George (0ur rescued Malamute) is a handful, too. However they’re all family members. They sleep on the beds with us, they crochet. They converse French. All that.

And they don’t like sure TV reveals. They don’t prefer it when individuals discuss an excessive amount of. I’m similar to that. Which is why I can’t watch cleaning soap operas. “How are you? How ought to I be? Who’s asking? Nicely why do I wanna know? Do I’ve my mom’s hips?”

iHD:  Do your canines ever hit the highway with you while you’re touring or on tour?

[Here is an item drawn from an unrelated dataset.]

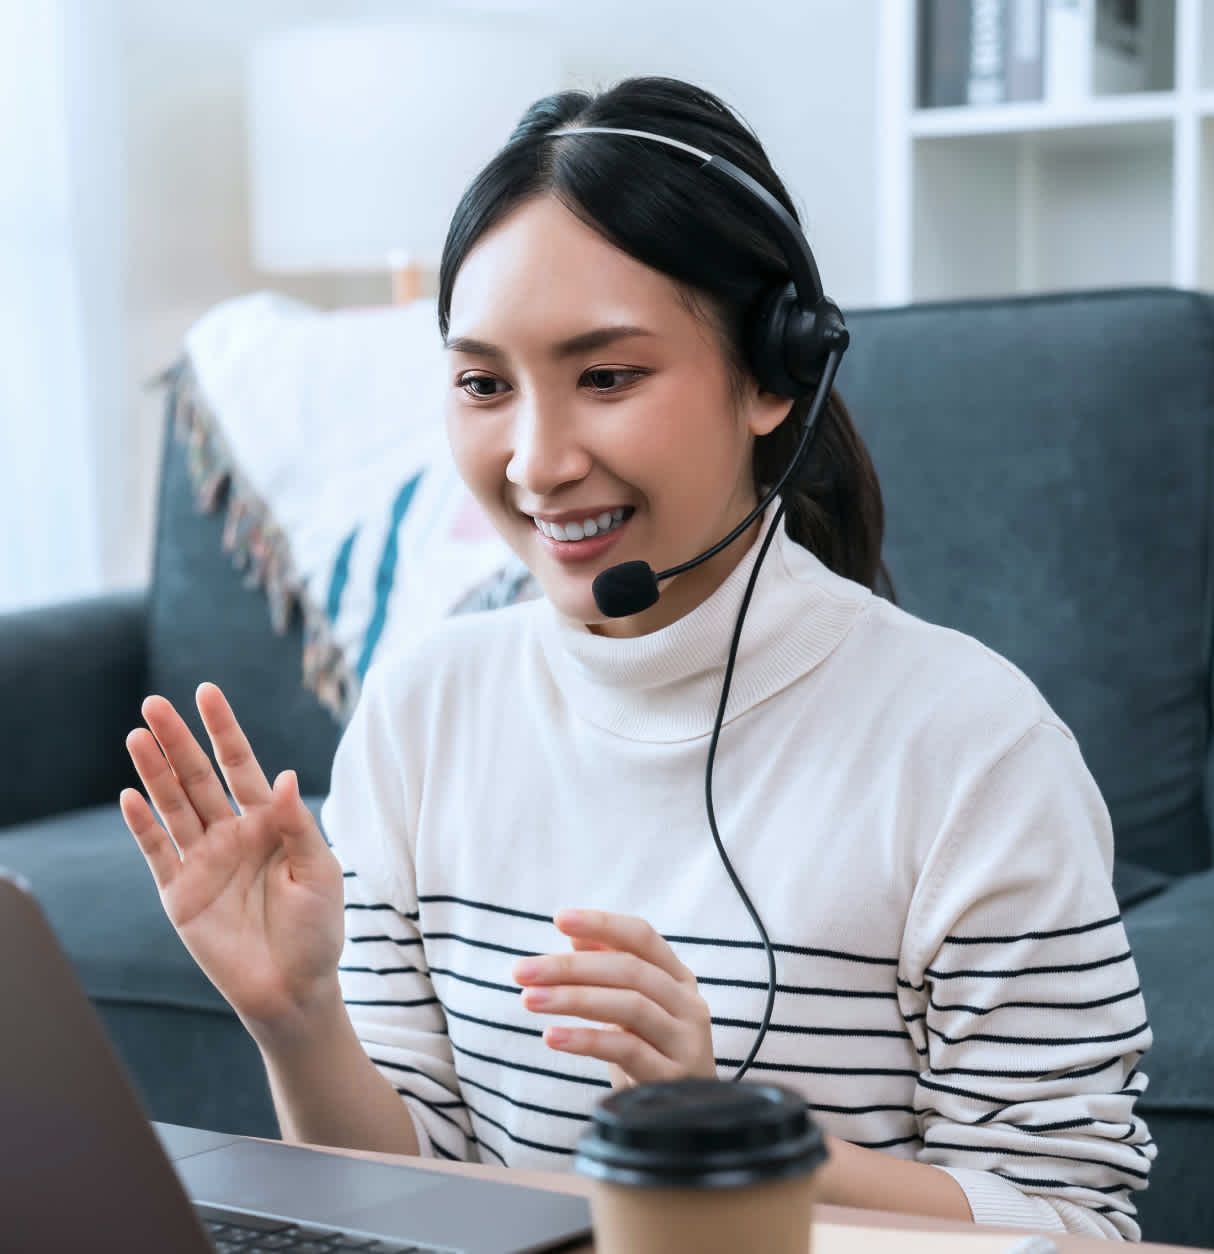 Customer service rep on video call
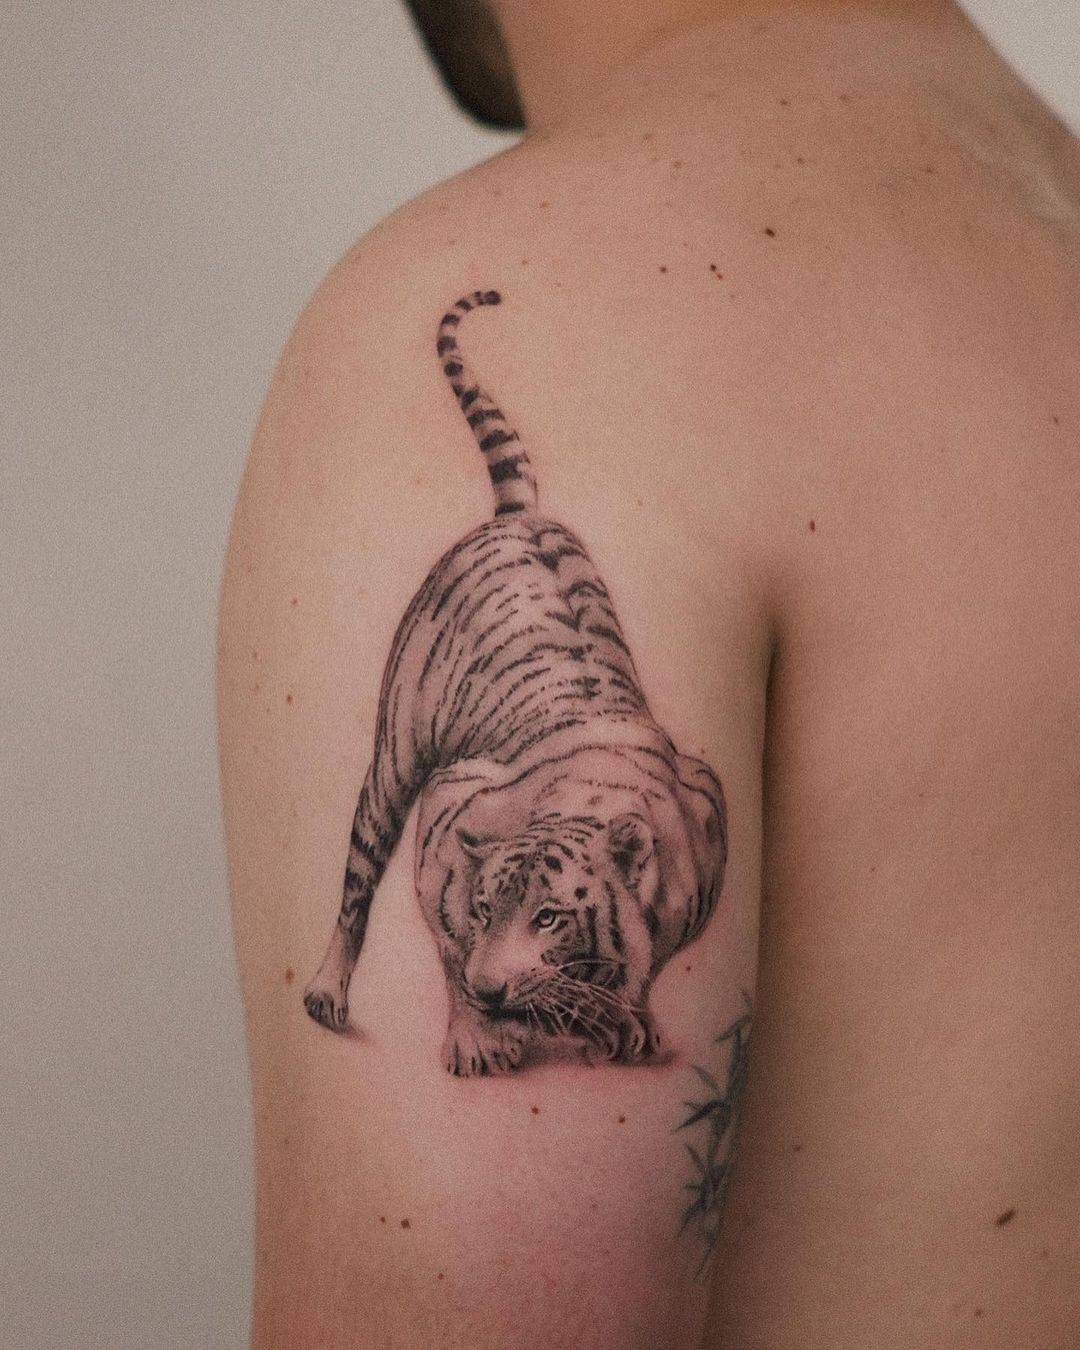 Amazing white tiger tattoo on arm by jc.arana ink

GS: No that wouldn’t be sort to them, as a result of touring on the highway is arduous. They want large open areas to run and be at liberty, so we take them climbing within the Santa Monica mountains. And they should go and discover different canines pee after which pee on prime of their pee. Which at all times struck me as a really weird factor that canines do. And they should run round and see new canines and run over and scent their butts. As a result of that’s what they love to do. I’m like, “What’s that about?” They may go over there and scent their noses – “No! I’m gonna go scent their butts!”

iHD:  Can your canines acknowledge you while you’re “present prepared?”

GS:  Oh certain. You imply with the make-up and the heels on? Yeah. As a result of, y’know, they acknowledge the scent. You recognize that.

Gene, “present prepared”


iHD: We didn’t know if they might be like, “Whoa!” or “I do know who that is. That is simply dad.”

GS:  No, no, no. They instantly know. I’ve been in make-up and so they instantly run over.

George Simmons (the canine): (bark)

GS:  Oh cool down. Don’t get excited.

iHD:  Nicely thanks a lot for taking this time to get on the cellphone with us. We actually, actually admire it.

GS:  My pleasure. I like canines. And, point-of-fact, I’m one.